To understand the bond between humans, our cats, and our dogs, we decided to look at the letters left by historical pet owners, to see what lies behind this time-honoured pairing. From David Hume’s troubles with his friend’s dog, to Laurence Sterne’s protection of his beloved cat and Alexander Pope’s moving contemplation on loss, discover more about our relationship with our four-legged friends…

Laurence Sterne (1713–1768), the clergyman and author best known for his novel The Life and Opinions of Tristram Shandy clearly loved his “poor cat.” In a letter of 24 August 1767, he chastises his daughter for the unruly behaviour of her dog, as he would not have his cat “abused” in such a manner:

My poor cat sits purring beside meyour lively French dog shall have his place on the other side of my firebut if he is as devilish as when I last saw him, I must tutor him, for I will not have my cat abusedin short I will have nothing devilish about mea combustion would spoil a sentimental thought.

“Domestic Cat” by bogitw. CC0 Public Domain via Pixabay.

William Cowper (1731–1800) was one of the most popular English poets of the eighteenth century, famed for his depictions of everyday life and the British countryside. Just like Laurence Sterne, Cowper also contended with a dog and a cat under the same roof, but their relationship was far more amicable.
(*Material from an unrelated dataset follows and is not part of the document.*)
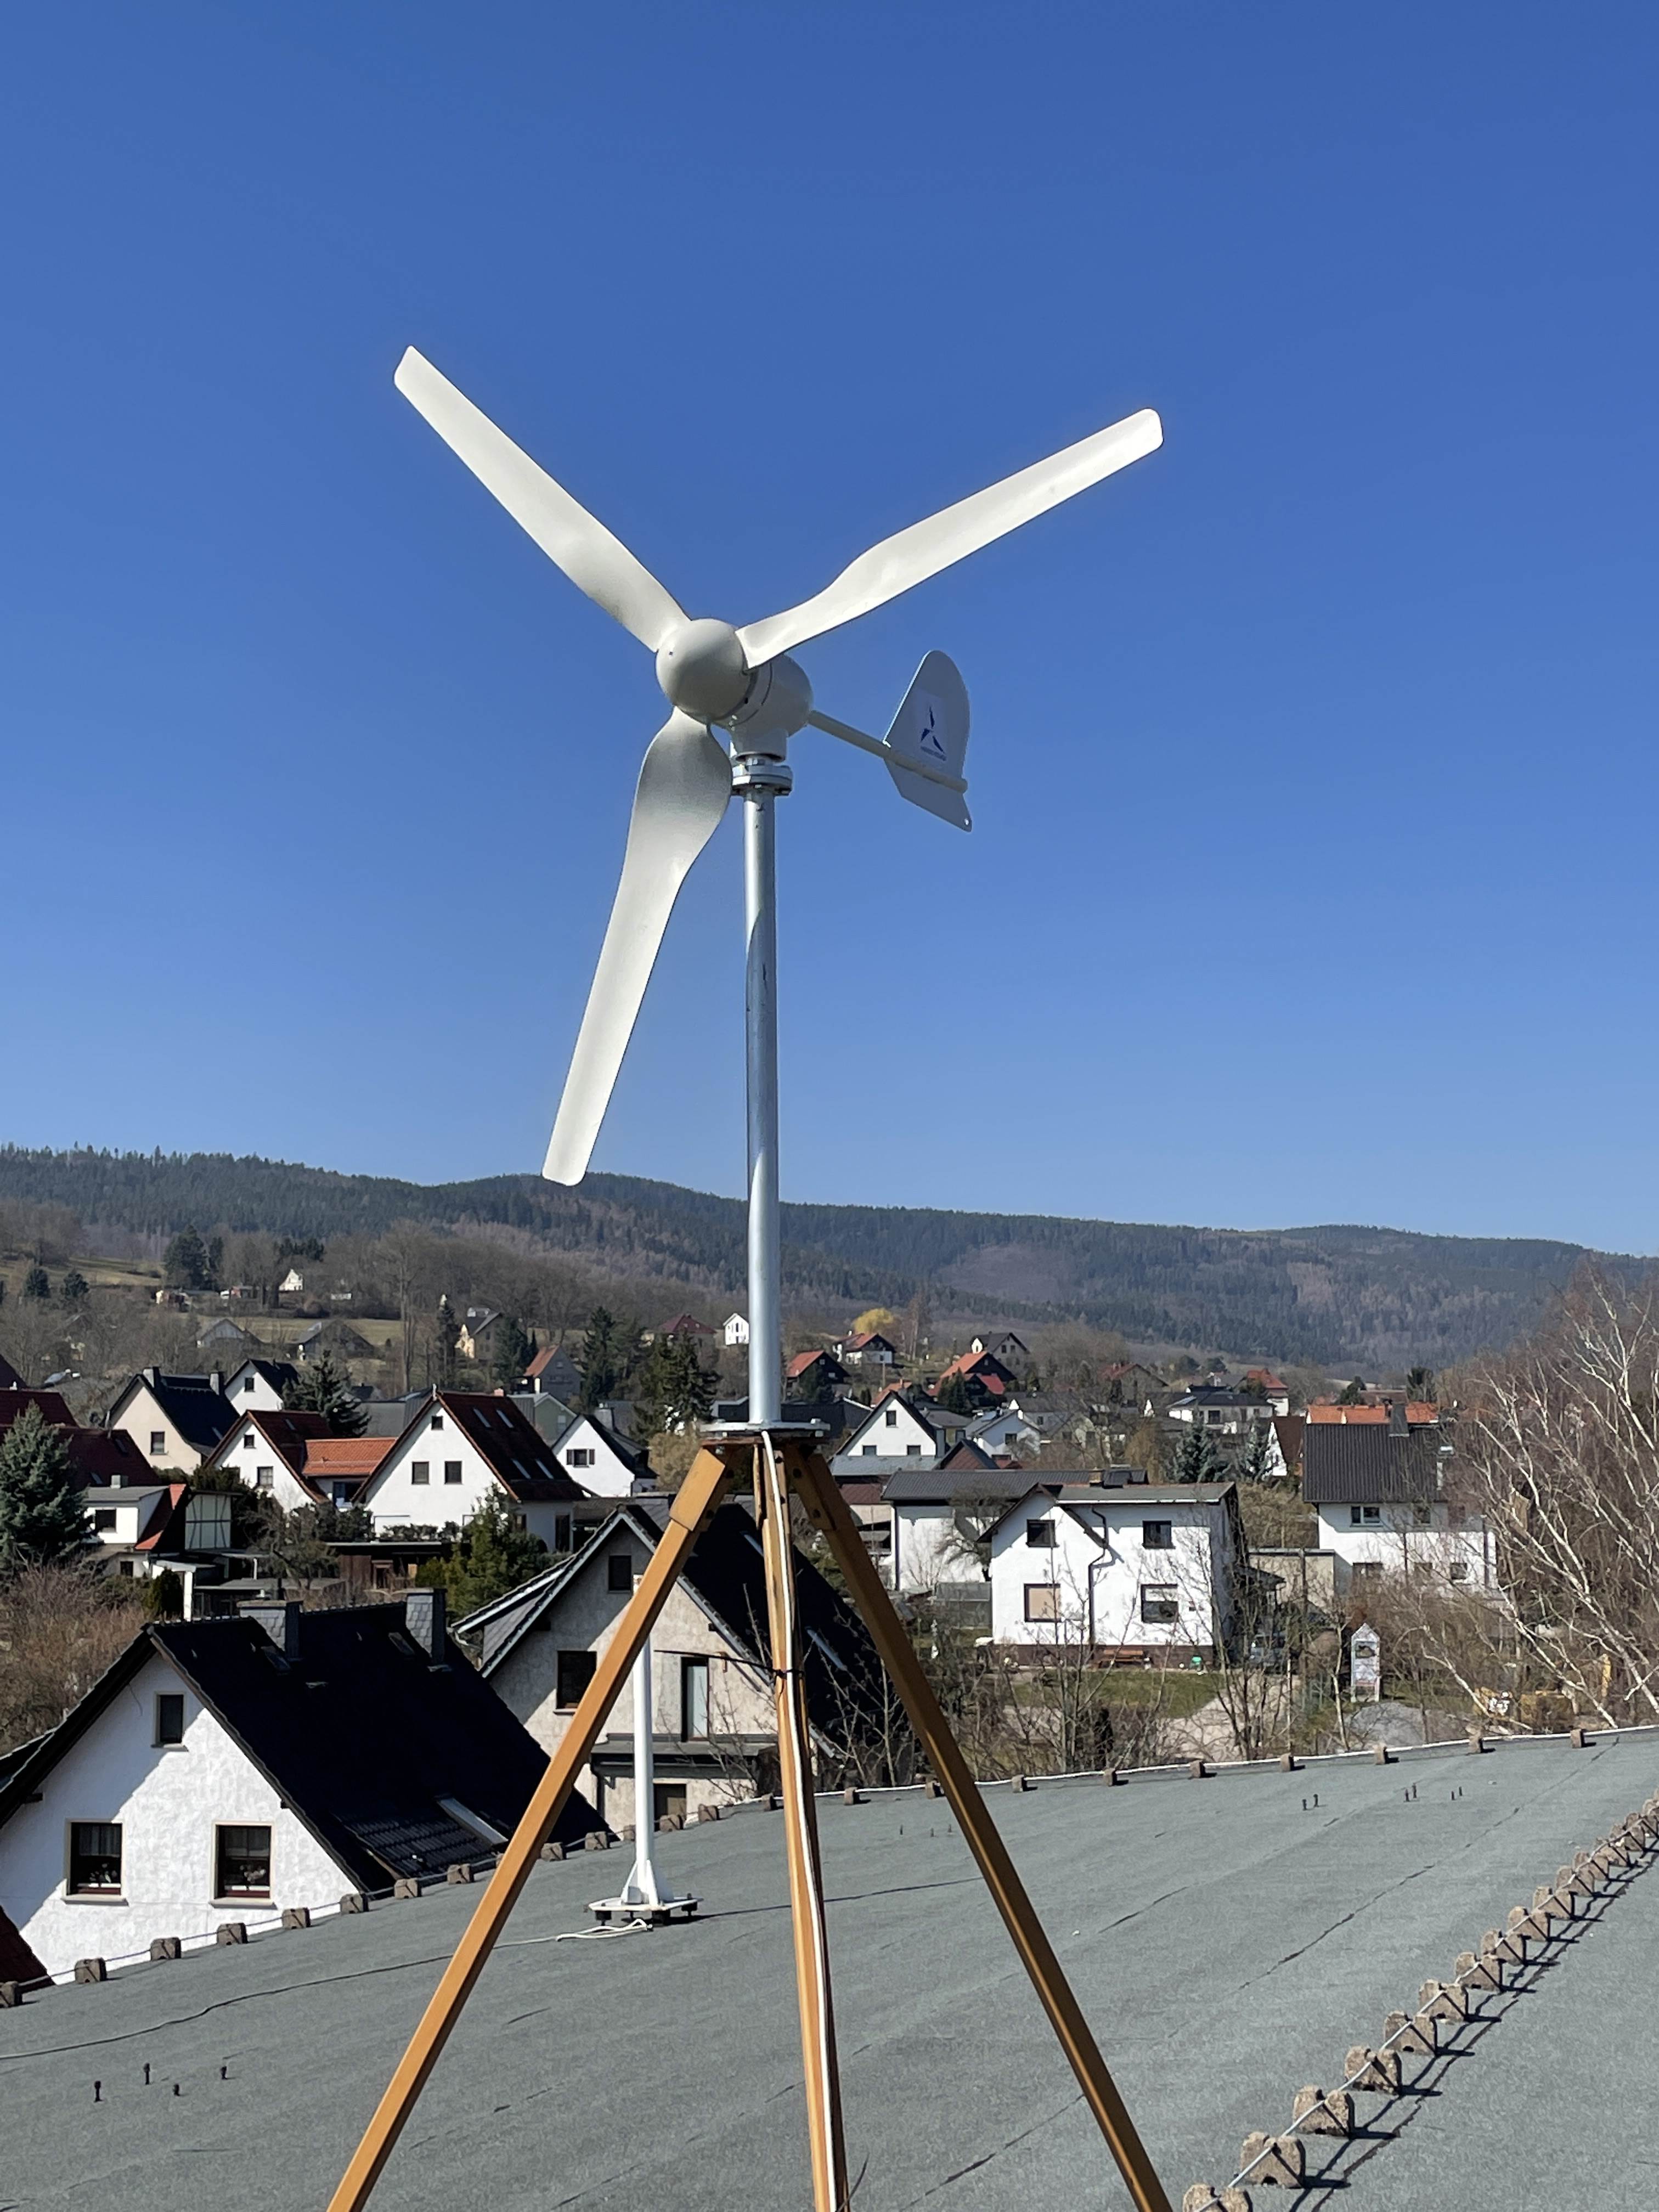 3000W Vertikale Windkraftanlage Komplett set Windturbine Windrad  Windgenerator

On 17 December 1787 he wrote to his cousin, describing his beloved pets:

My dog, my dear is a spaniel…he is really handsome; and when nature shall have furnished him with a new coat, a gift which, in consideration of the ragged condition of his old one, it is hoped she will not long delay, he will then be unrivalled in personal endowments by any dog in this country. He and my cat are excessively fond of each other, and play a thousand gambols together that it is impossible not to admire.
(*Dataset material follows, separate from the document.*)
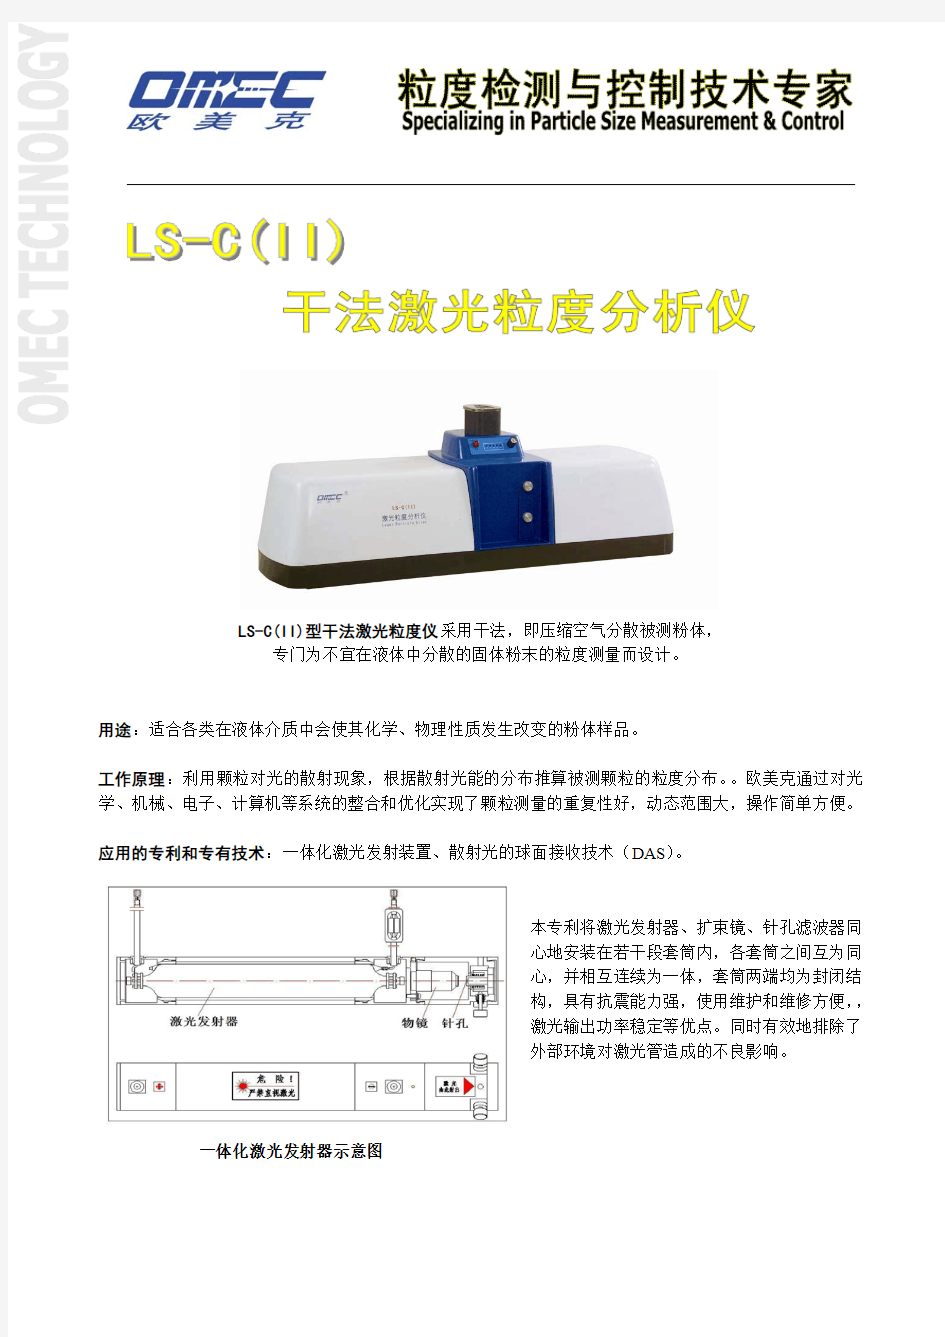 激光粒度检测仪LS-C(II)产品简介

Like any pet owner today, Alexander Pope (1688–1744) would have been devastated at the loss of his dog. Best known for his satirical verses and translations of Homer, as well as his inspired used of the heroic couplet, Pope elucidates the high esteem in which he held his closest companion:

The loss of a faithful creature is something, tho’ of never so contemptible an one: and if I were to change my dog for such a man as the aforesaid, I should think my dog undervalu’d.
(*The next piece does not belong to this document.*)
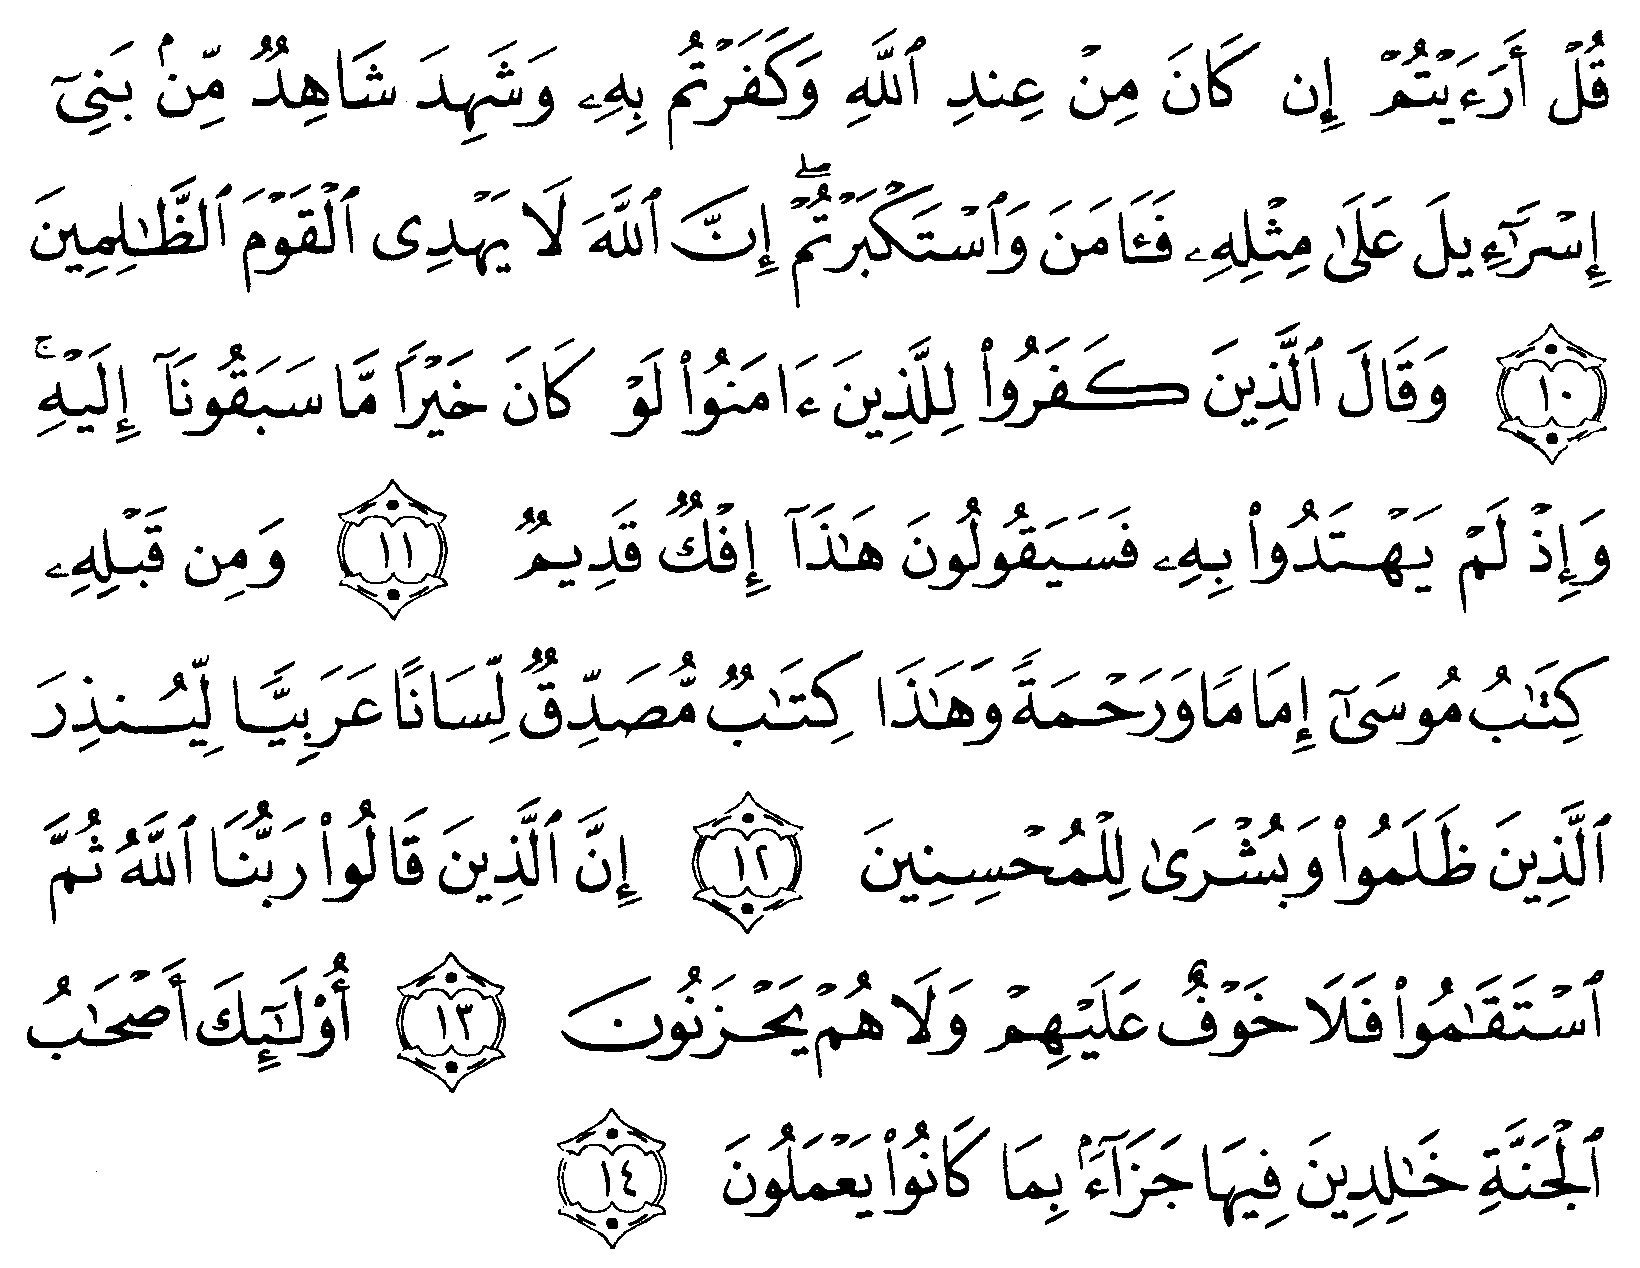 tulisan arab alquran surat al ahqaaf ayat 10 14 “

“French Bulldog” by lightstargod. CC0 Public Domain via Pixabay.

Akin to Alexander Pope, John Boyle, 5th Earl of Cork and Orrery (1707–1762) much preferred “man’s best friend” to a great deal of his human associates. In a letter to Jonathan Swift (1667–1745), the famed author of Gulliver’s Travels, Boyle puts forward his dog’s viewpoint:

My dog Hector bids me ask you if it is not hard that bad men should be called beasts and dogs when there are no instances to equal their inhumanity among the whole brute generation.

Love me, love my dog? Unfortunately, not everyone is destined to get along. David Hume (1711–1776), the great Scottish philosopher, was certainly not a fan of his friend Lord Elibank’s “mangey cur.” Indeed he said so in no uncertain terms, declaring that whilst he had “great respect for your Lordship” he had “none at all for this dog of yours“:

It is an old Proverb, Love me, love my dog: But certainly it admits of many exceptions: I am sure, at least, that I have a great respect for your Lordship; yet have none at all for this dog of yours. On the contrary, I declare him to be a very mangey cur: Entreat your Lordship to rid your hands of him as soon as possible: And think a sound beating or even a rope too good for him.

Featured image credit: “Animals, Dogs, Cat” by Gellinger. CCO Public Domain via Pixabay.

Recent Comments

  1. Alicia La

    I never actually stopped to consider how long we have domesticated animals for. This was rather eye-opening and a great read.

    This is also the first time I have read, or heard of, letters devoted to pets and anything similar. Thank you once again for the share.